- WHAT YOU SHOULD DO -
The data below should be transcribed in full, with no picture included.
(COLLECTED MATERIAL begins)
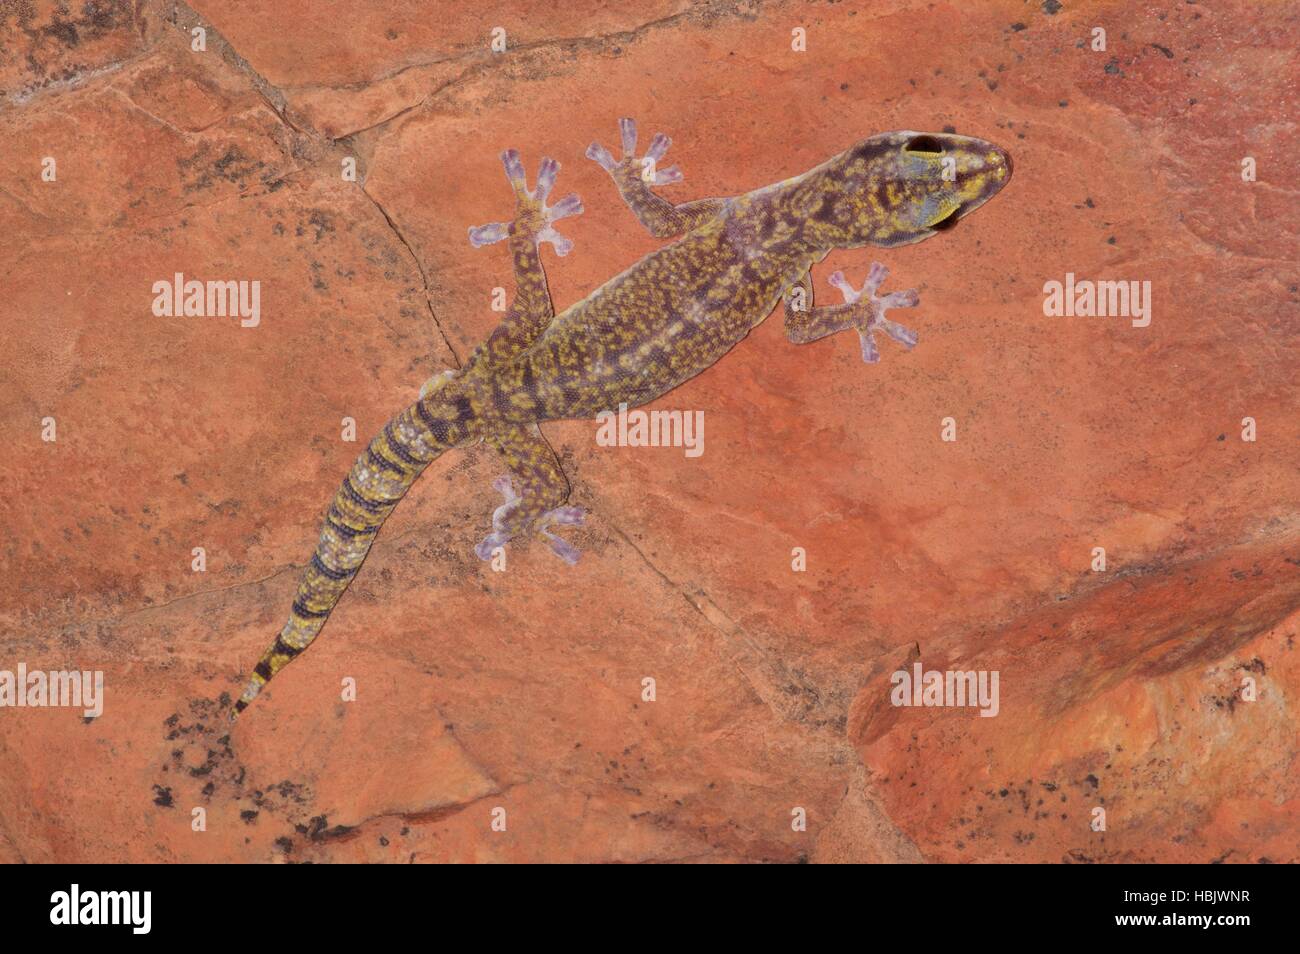 A Marbled Velvet Gecko (Oedura marmorata) clinging to a vertical red rock face in Ormiston Gorge, Northern Territory, Australia Stock Photo
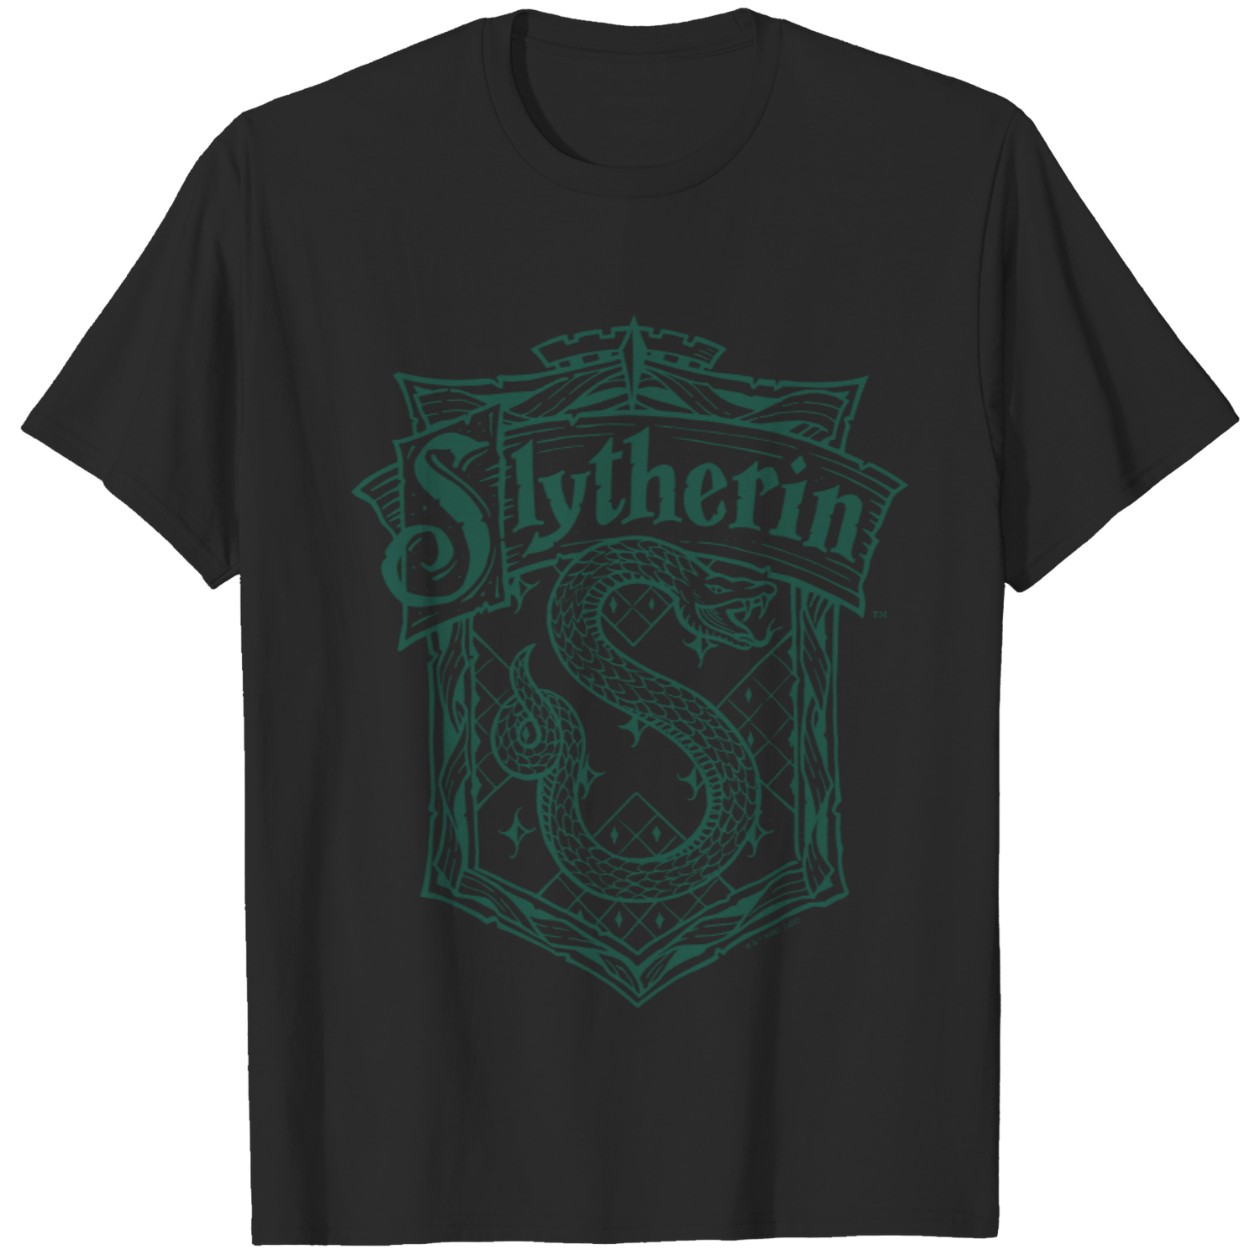 Classic Slytherin Crest Graphic Tee IYT
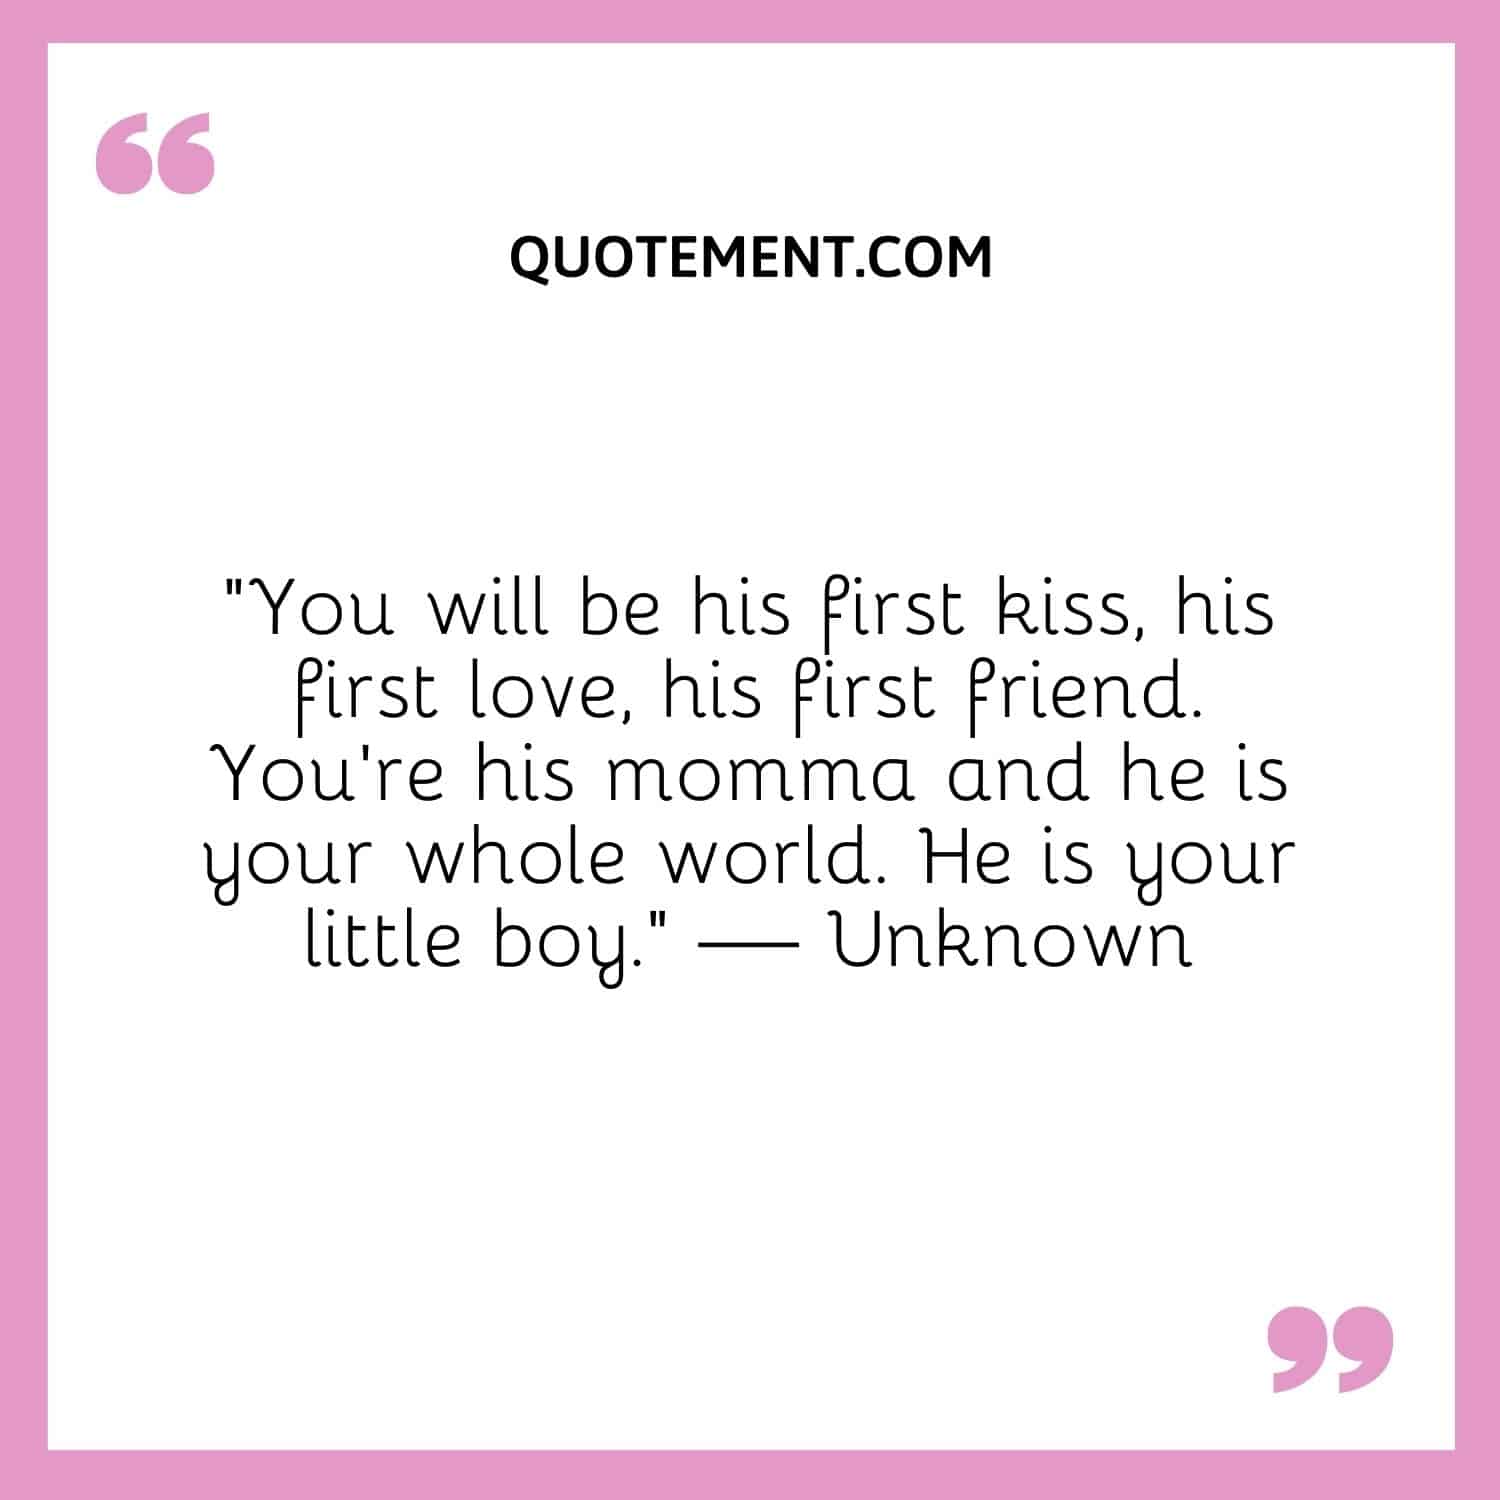 You will be his first, his first love, his first friend.
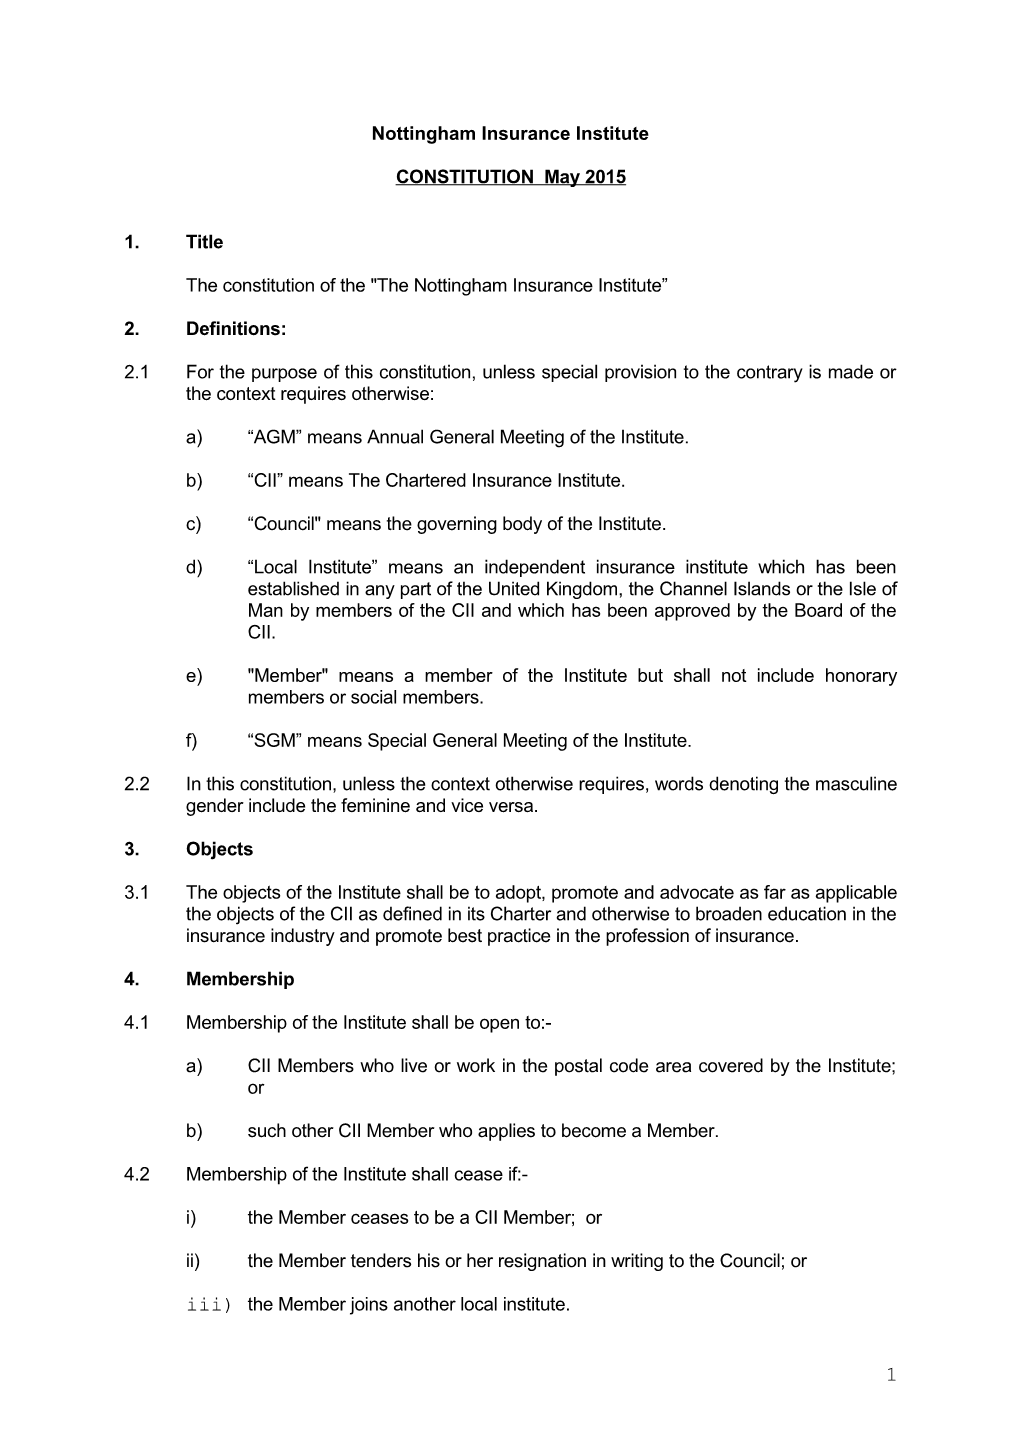 The Constitution of the the Nottingham Insurance Institute
(COLLECTED MATERIAL ends)
- RESPONSE -
 A Marbled Velvet Gecko (Oedura marmorata) clinging to a vertical red rock face in Ormiston Gorge, Northern Territory, Australia Stock Photo
 Classic Slytherin Crest Graphic Tee IYT
 You will be his first, his first love, his first friend.
 The Constitution of the the Nottingham Insurance Institute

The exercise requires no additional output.